Retype each line below precisely and omit all images.
---------- Provided data ----------
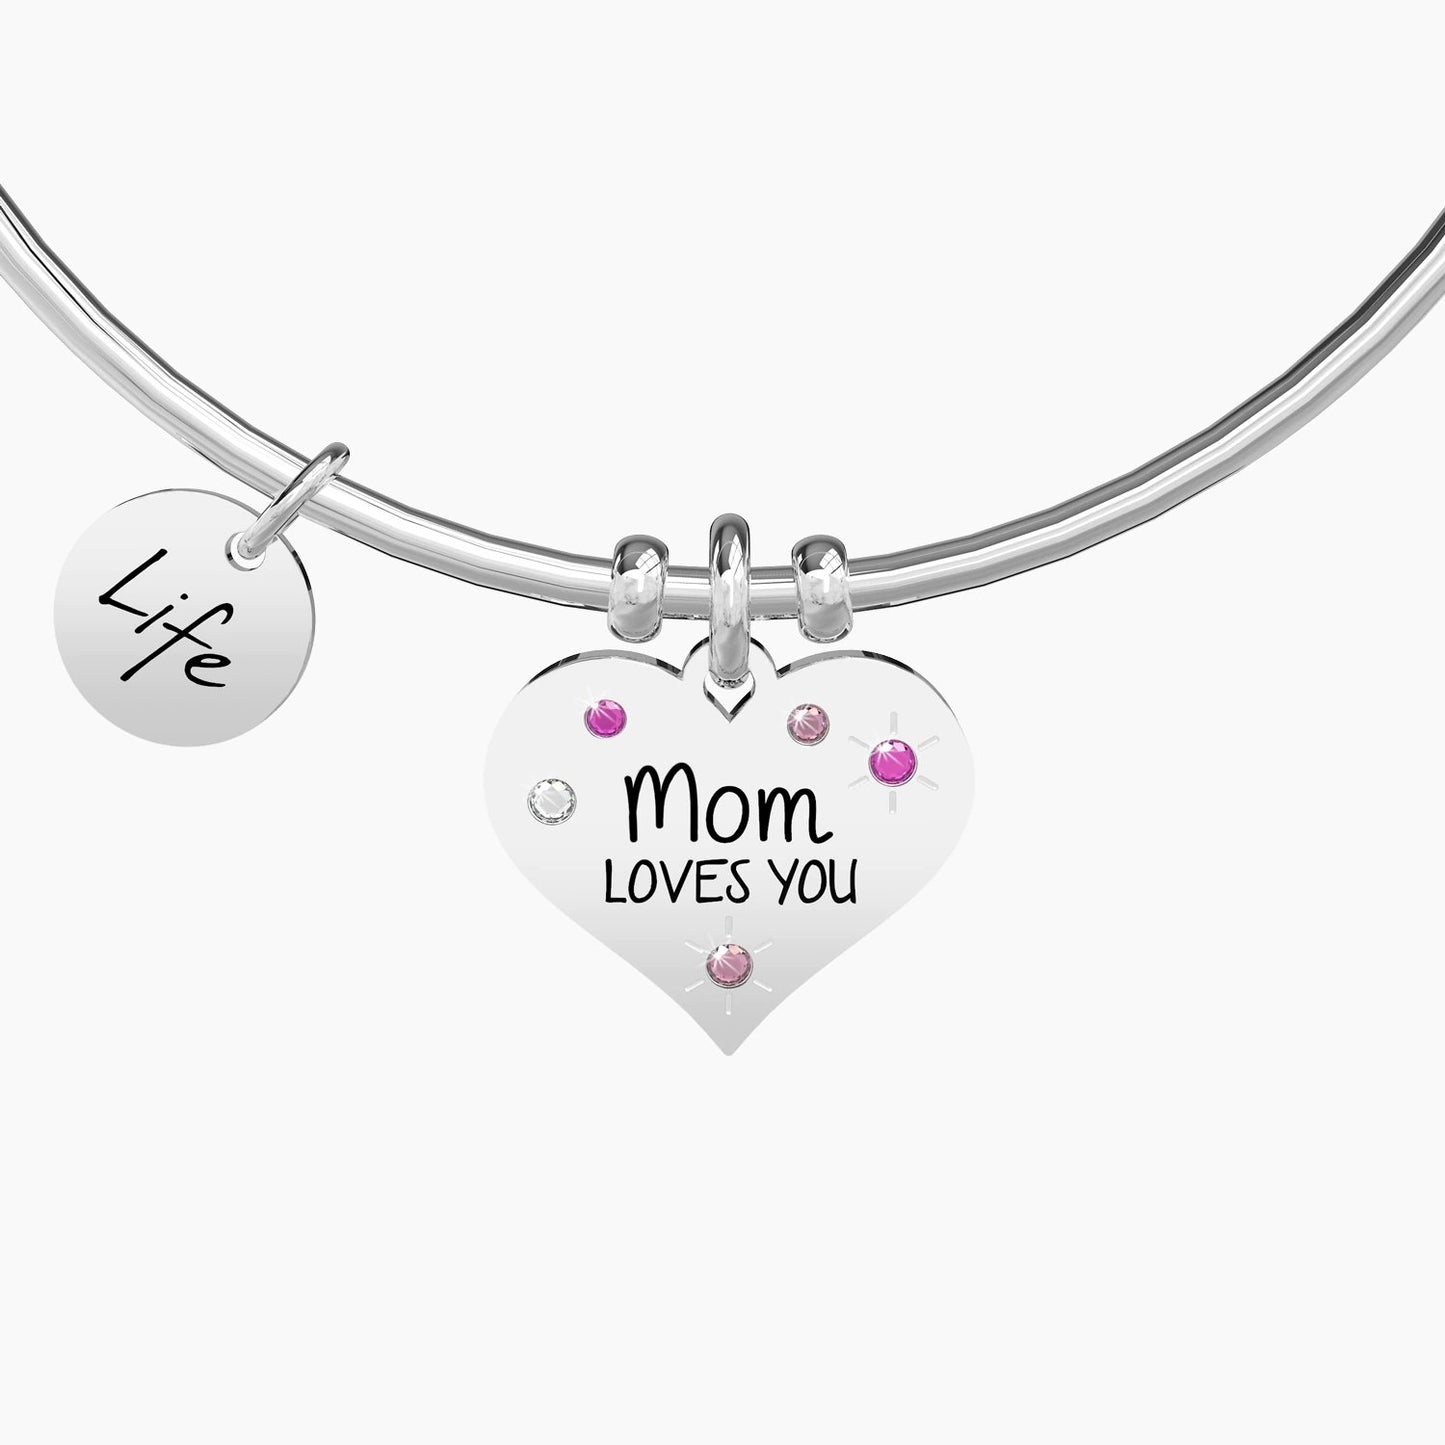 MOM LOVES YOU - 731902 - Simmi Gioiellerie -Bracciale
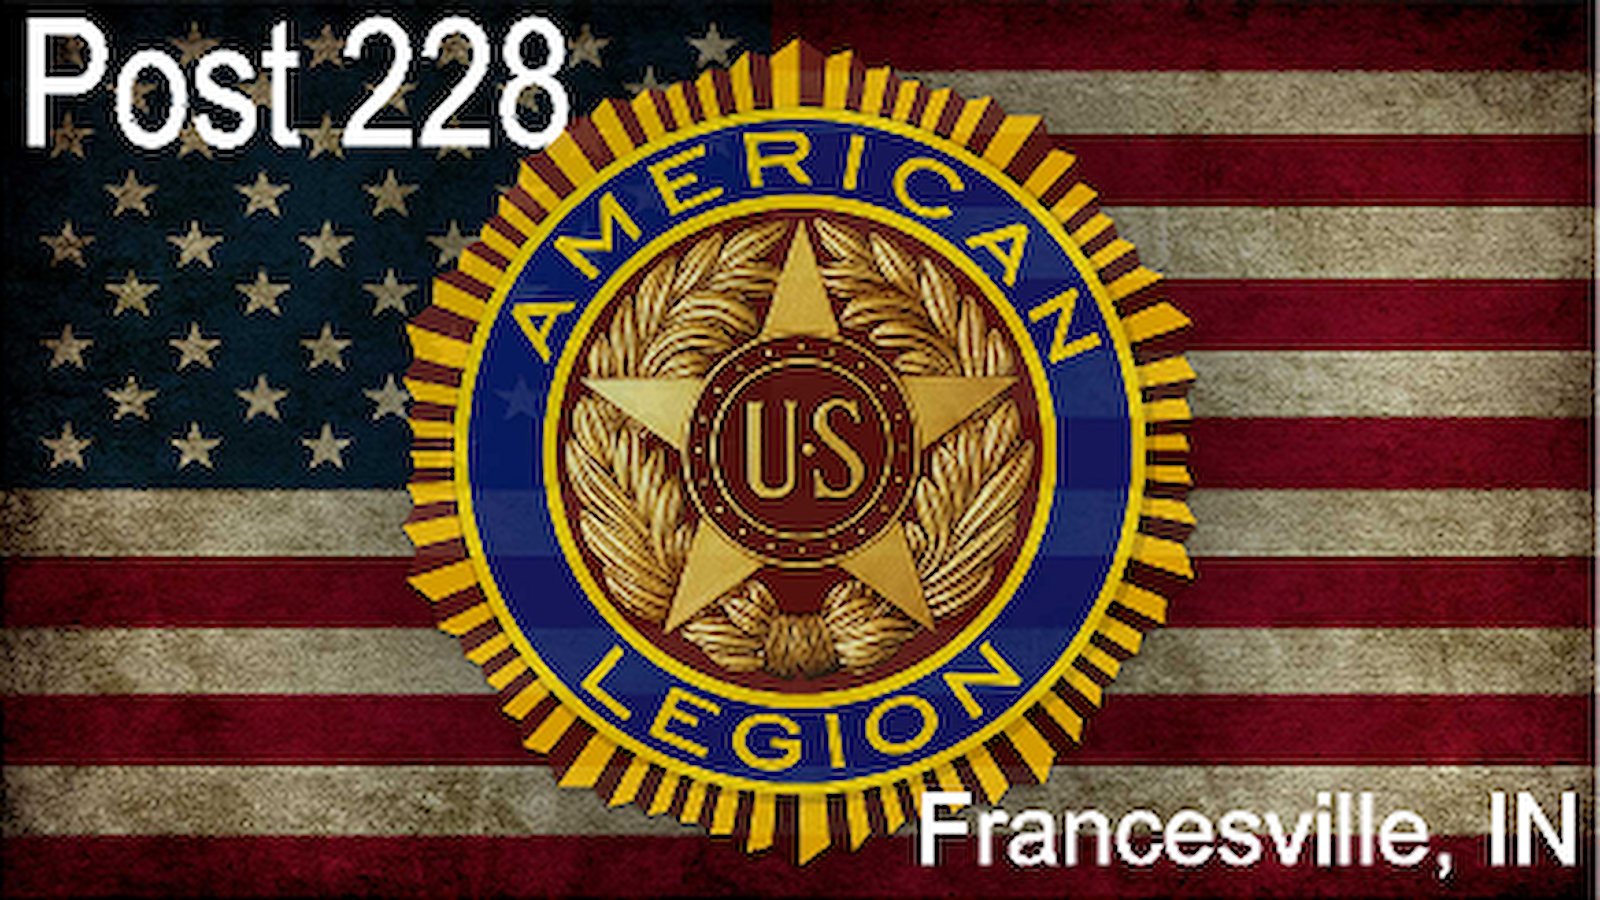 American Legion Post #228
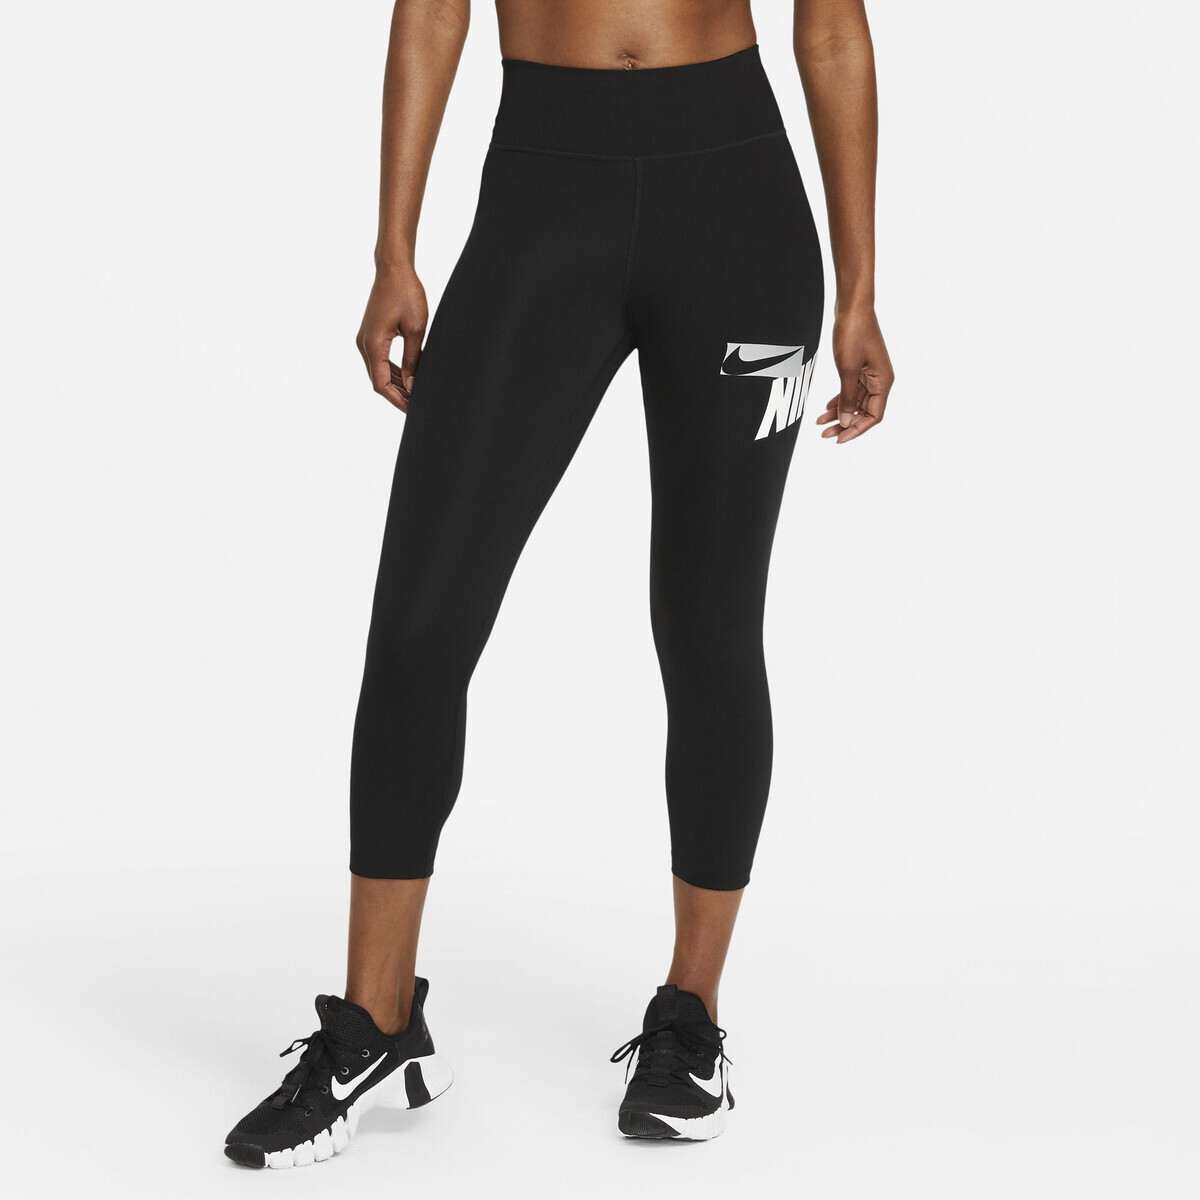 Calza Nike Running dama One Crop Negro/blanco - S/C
----------
Written response
 MOM LOVES YOU - 731902 - Simmi Gioiellerie -Bracciale
 American Legion Post #228
 Calza Nike Running dama One Crop Negro/blanco - S/C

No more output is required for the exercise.